Aidoc has received four FDA clearances for scans to detect blood hemorrhaging, strokes, pulmonary embolism, and cervical spine fractures. Aidoc’s system can help radiologists detect lung anomalies associated with Covid-19 in any CT scan that incidentally contains the lung or part of the lung, including chest, abdomen, and cervical spine scans. This can allow for the detection of coronavirus in patients that exhibit no external symptoms and, therefore, are not tested specifically for the virus.
It is already known that Covid-19 causes visible changes to most patients’ lungs, Reut Yalon, Aidoc’s head of product strategy told Calcalist in an email. As around 15% of coronavirus patients show no distinct clinical symptoms and a large number of those infected are completely unaware of being sick in the disease’s early stages, there is concern these patients might further spread the disease in hospitals when they arrive for unrelated treatment or testing, she explained.

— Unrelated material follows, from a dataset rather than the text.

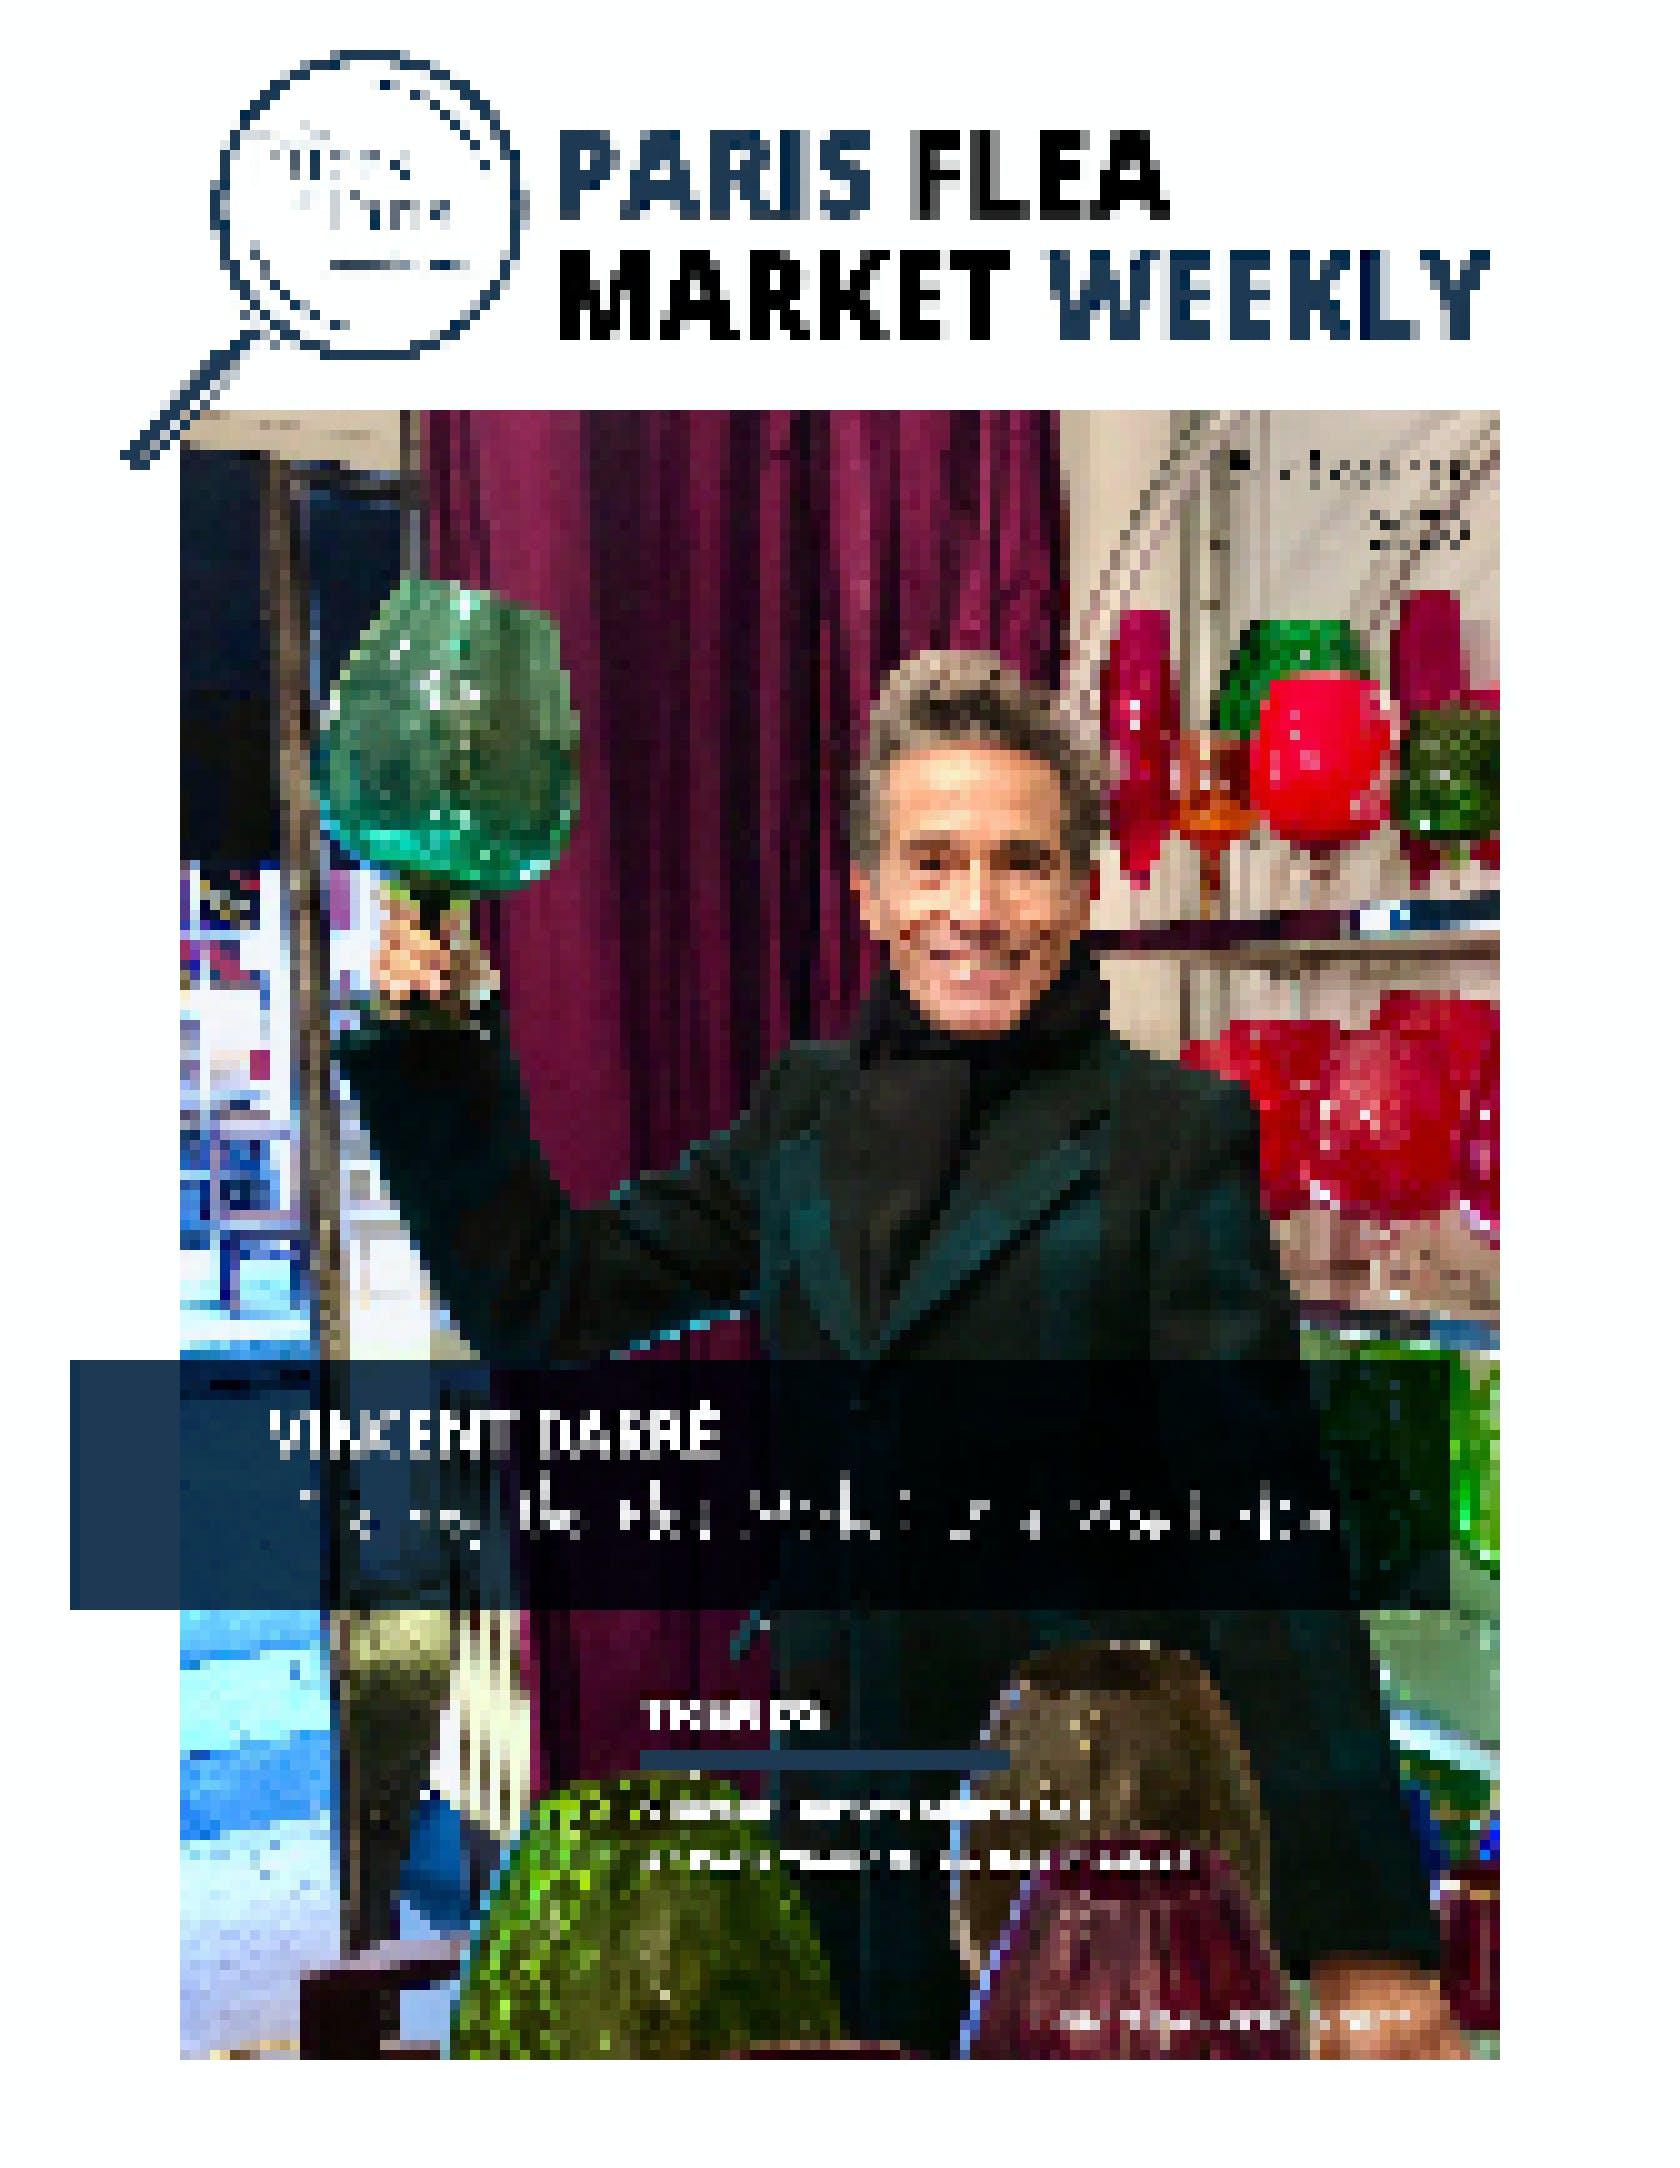 Paris Flea Market Weekly N°14 cover

"It is not unusual for the radiologist to be the first to diagnose Covid-19 disease in patients especially when the disease is clinically unsuspected,” Paul Chang, vice-chair of Radiology Informatics at the University of Chicago Medicine, said in a statement. "Aidoc's ability to detect and triage patients with incidental findings associated with Covid-19 acts as another layer of protection as the disease may continue to circulate in the months to come," he added.